Let's consider a more or less simple example. The ifeq macro takes exactly four arguments, the first two are stripped from any leading and trailing spaces and compared; in case they are equal, the third is returned, otherwise the fourth is returned. Another macro, opt, gives access to various options given in the options section group. The last macro for our example is known to us already, it is readfile we explained earlier. Now look at the following:

  %[ifeq:%[opt:scheme:lights]:night
      :%[readfile:night.txt]:%[readfile:default.txt]]

Well, the result of this is more or less obvious: if the option scheme/lights is set to night, then the whole construction will be replaced with the night.txt file's contents, otherwise the contents of default.txt will be used. What is not so obvious is that both files will be read. Sometimes this can be a problem, specially in case one of the files actually doesn't exist and an unintentional attempt to read it produces an error.

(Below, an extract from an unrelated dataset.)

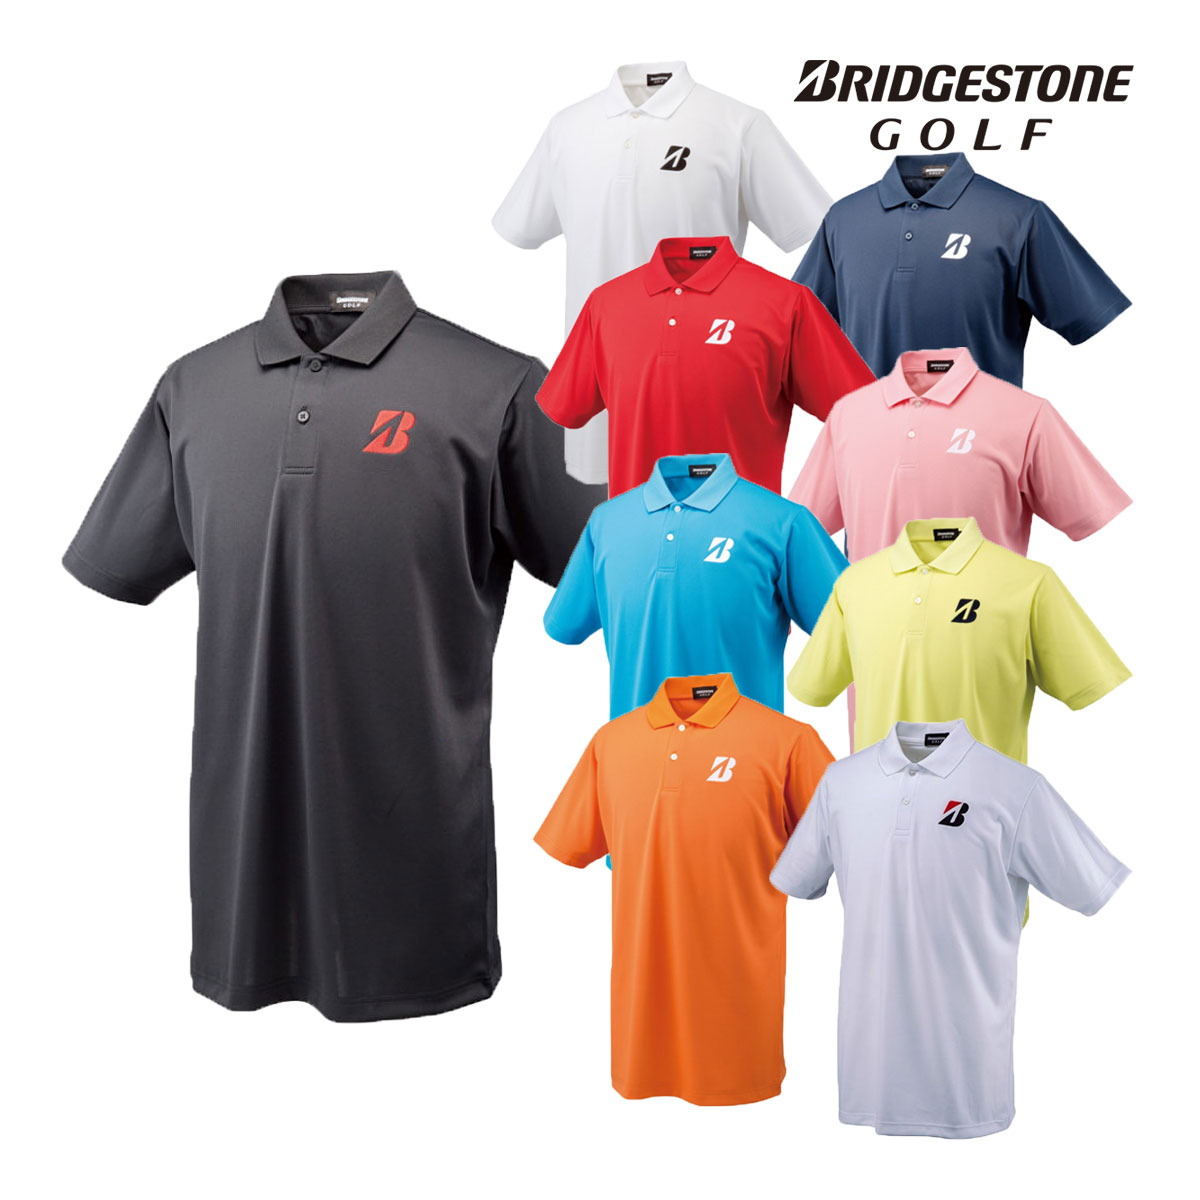 BridgestoneGolf ブリヂストンゴルフ メンズ半袖ポロシャツ 50G01A 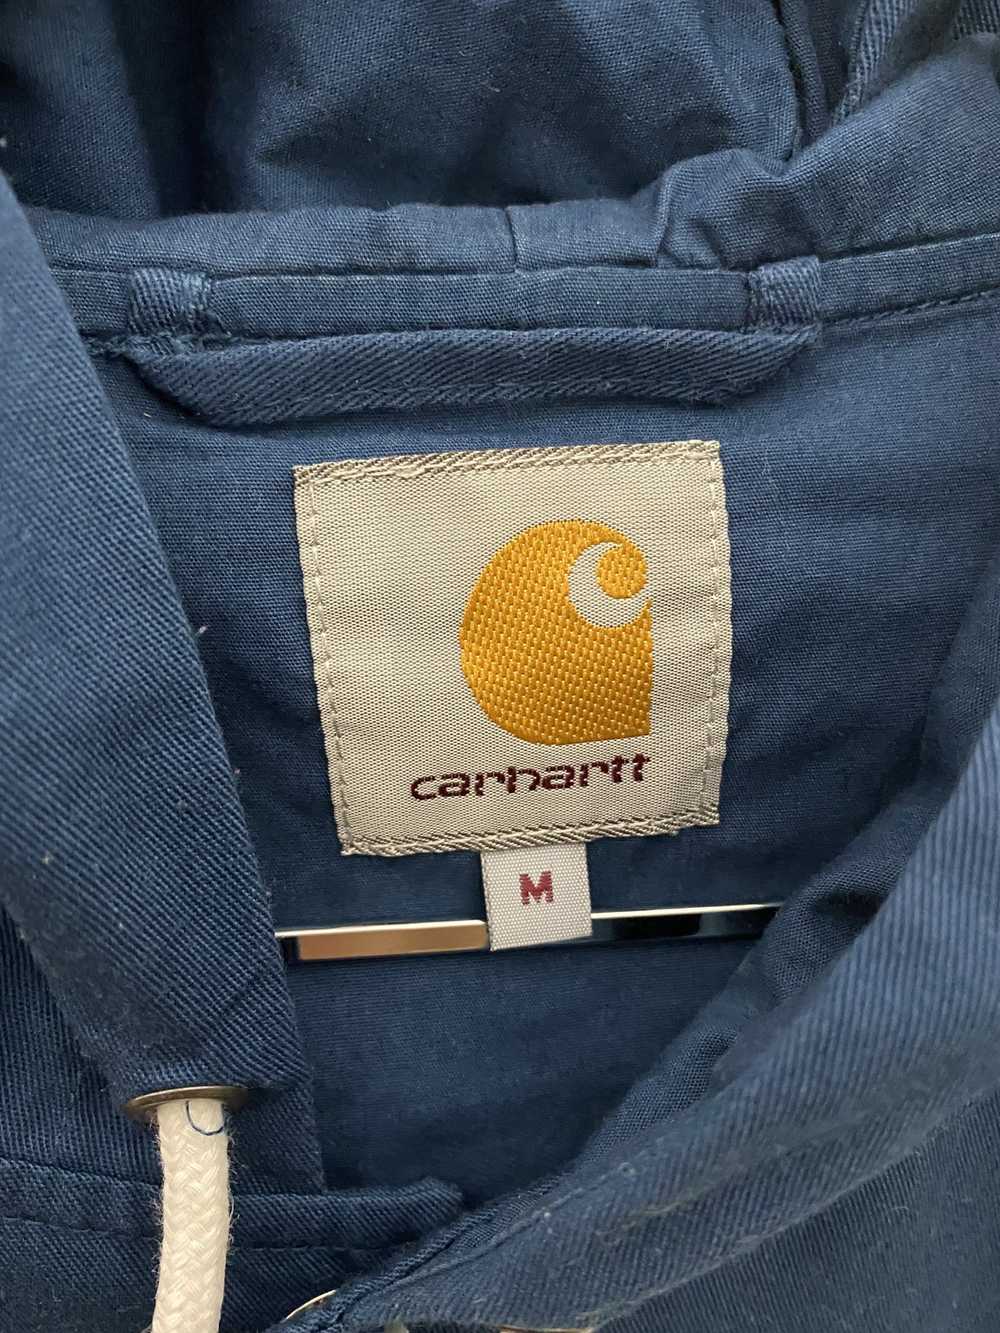 Carhartt Carhartt jacket size M - image 3

For this particular example, it is easy to avoid the problem:

  %[readfile
    :%[ifeq:%[opt:scheme:lights]:night:night.txt:default.txt]
  ]

Being used this way, ifeq doesn't choose between two readfile call results (after doing them both), as it was done in the previous example; instead, it just chooses one of the two file names, and the choice is used as the readfile's argument.

In fact, Thalassa provides ways to always avoid unnecessary computations, but attention must be paid to this, and, first things first, the person who writes configuration files should at least understand what the problem is.